New York VRDO lawsuit survives motion to dismiss

A New York Supreme Court judge has dismissed the joint motion of several major banks to dismiss a whistleblower lawsuit accusing them of wrongdoing in the variable-rate market, keeping the high-stakes legal proceeding moving toward a future trial.

Justice Andrew Borrok issued his ruling late last week and it was filed Monday. Borrok found that the lawsuit brought under New York’s false claims act sufficiently alleges violations of that law by the defendant banks to avoid being dismissed. The suit alleges the banks “bucketed” large groups of variable-rate demand obligations and set their rates en masse without regard to the characteristics of the securities, which the suit argues is a violation of the remarketing agreements binding those banks.

“To the extent that the defendants contend that relator has not sufficient alleged the falsity of their representations to individually price each VRDO at the lowest possible rate, relator' forensic analysis of VRDO rates and market data is sufficient at this point to withstand a motion to dismiss,” Borrok ruled.

This lawsuit and similar ones filed in Illinois, New York, Massachusetts and California all stem from Johan Rosenberg, a Minnesota-based municipal advisor, who said he found the “robo-resetting” scheme after his own analysis led him to uncover the alleged misconduct. He originally filed his lawsuits under the name of a corporate entity called “Edelweiss Fund,” before a court ruled he would need to make his identity public to continue his litigation.

In various court filings in each lawsuit, the banks have denied wrongdoing.

Johan Rosenberg, the man behind several lawsuits alleging wrongdoing in the VRDO market.

The defendant banks, or their subsidiaries, which include JPMorgan Chase & Co., Citigroup, M&T Bank Corp., Merrill Lynch & Co. and Morgan Stanley Smith Barney, sought dismissal of the New York suit late last year based on several contentions, including the public disclosure bar — a legal standard in New York and elsewhere — that exists to prevent whistleblower lawsuits from being filed on the basis of public information.

But New York Attorney General Letitia James stepped in to block the use of the public disclosure argument, taking the decision out of Borrok’s hands because under the law the state can prevent dismissal of a “meritorious” lawsuit on those grounds. James’ office took no stance on the other issues raised in the suit or motion to dismiss.

The stakes are high in New York, where the alleged damages total some $374 million.
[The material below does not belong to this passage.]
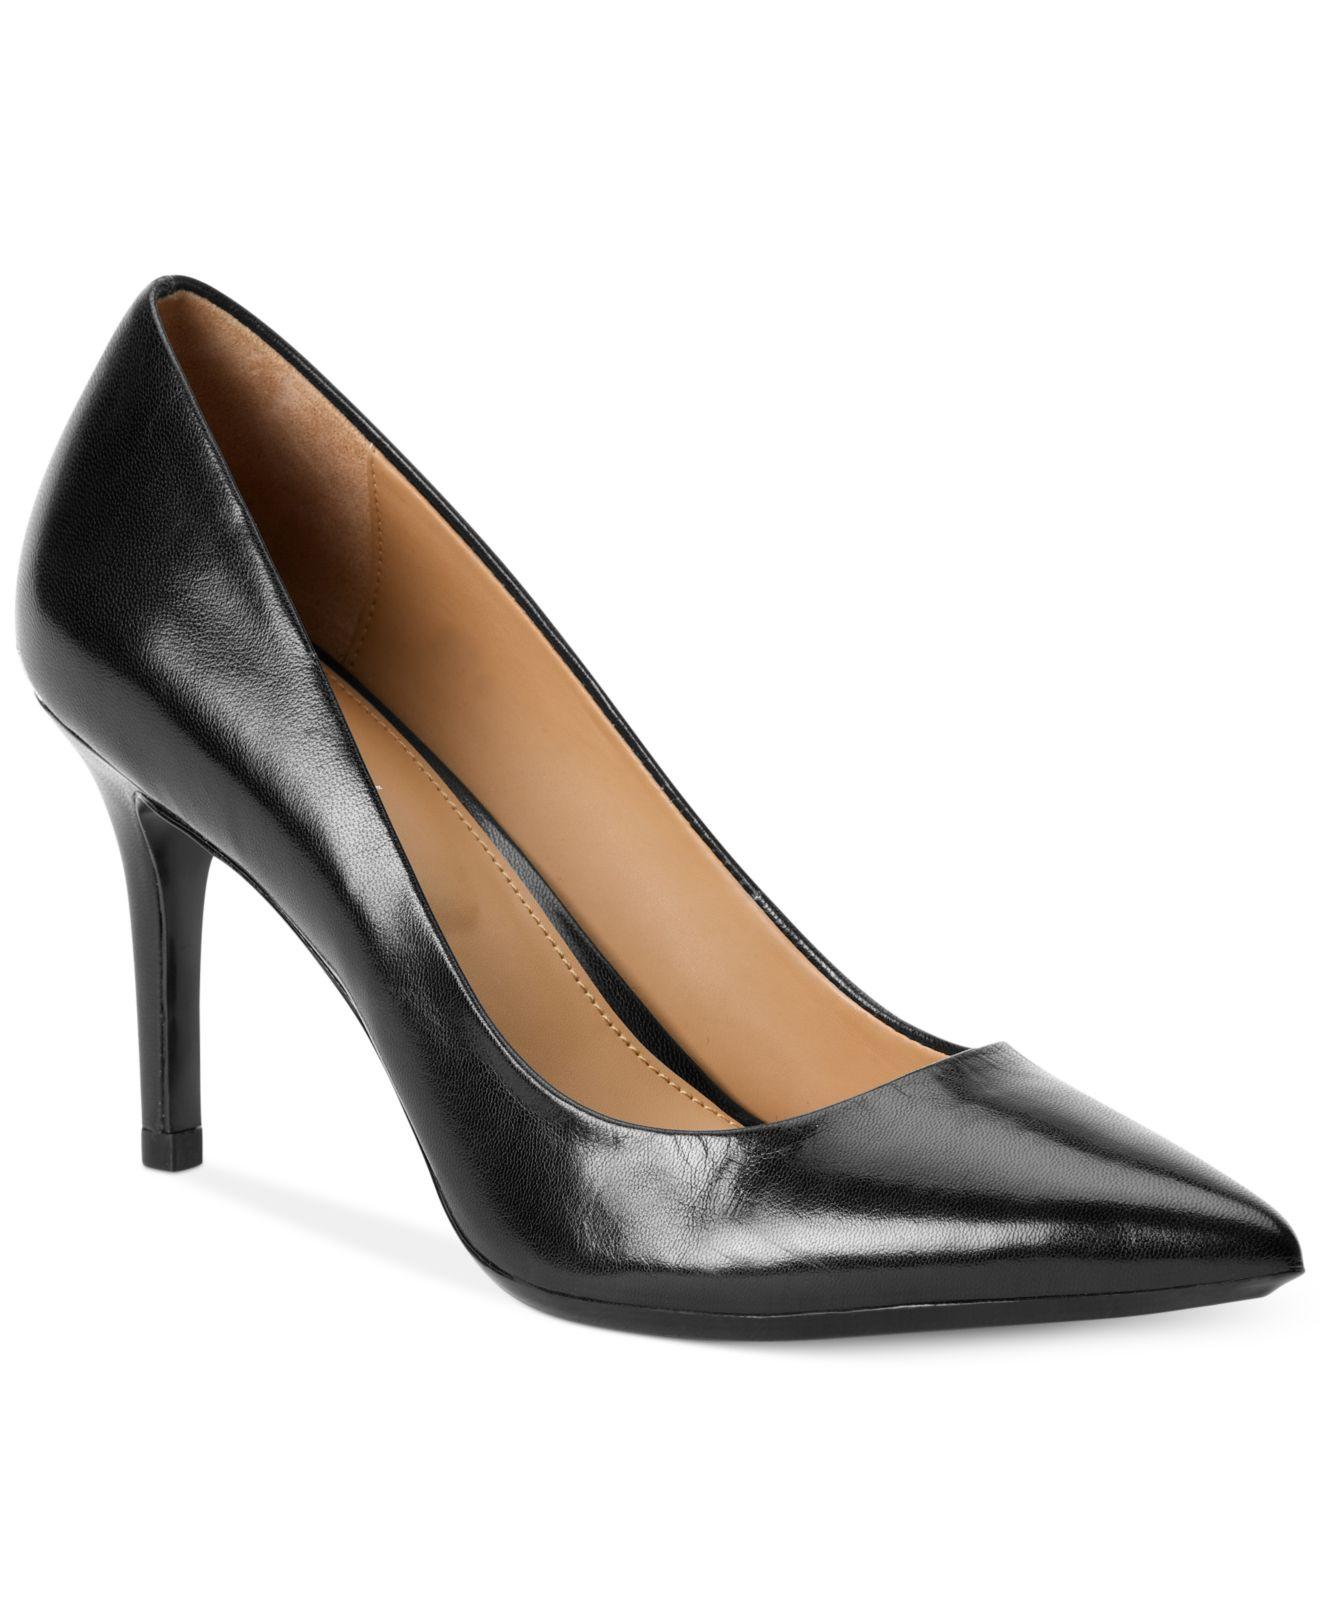 Calvin Klein Women S Gayle Pointed Toe Pumps In Black Lyst

Borrok found that while there is nothing inherently wrong in using a computer algorithm to set VRDO rates, the lawsuit sufficiently argues that the banks applied this approach inappropriately because they bucketed “VRDOs that had different characteristics and applied the algorithm without taking into account the differences between the VRDOs in the buckets.”

Borrok also struck down M&T’s separate motion to dismiss based on the fact that nearly all of the VRDOs it was remarketing agent on in the state were conduit bonds. Because private borrowers rather than government entities were responsible for the payments, M&T argued, the bank should be excused from the suit. Borrok said that argument “misses the point.”

The false claims act “applies to any sort of looting of the public purse,” Borrok wrote. Because conduit VRDO borrowers “obtain funds from New York,” the justice determined, “necessarily, some portion of New York's funds is included in the payments conduit VRDO borrowers made to M&T.”

With the motion to dismiss shot down, Borrok ordered the banks to file an answer to the complaint within 45 days and set a June 1 date for a preliminary conference as the case moves toward trial.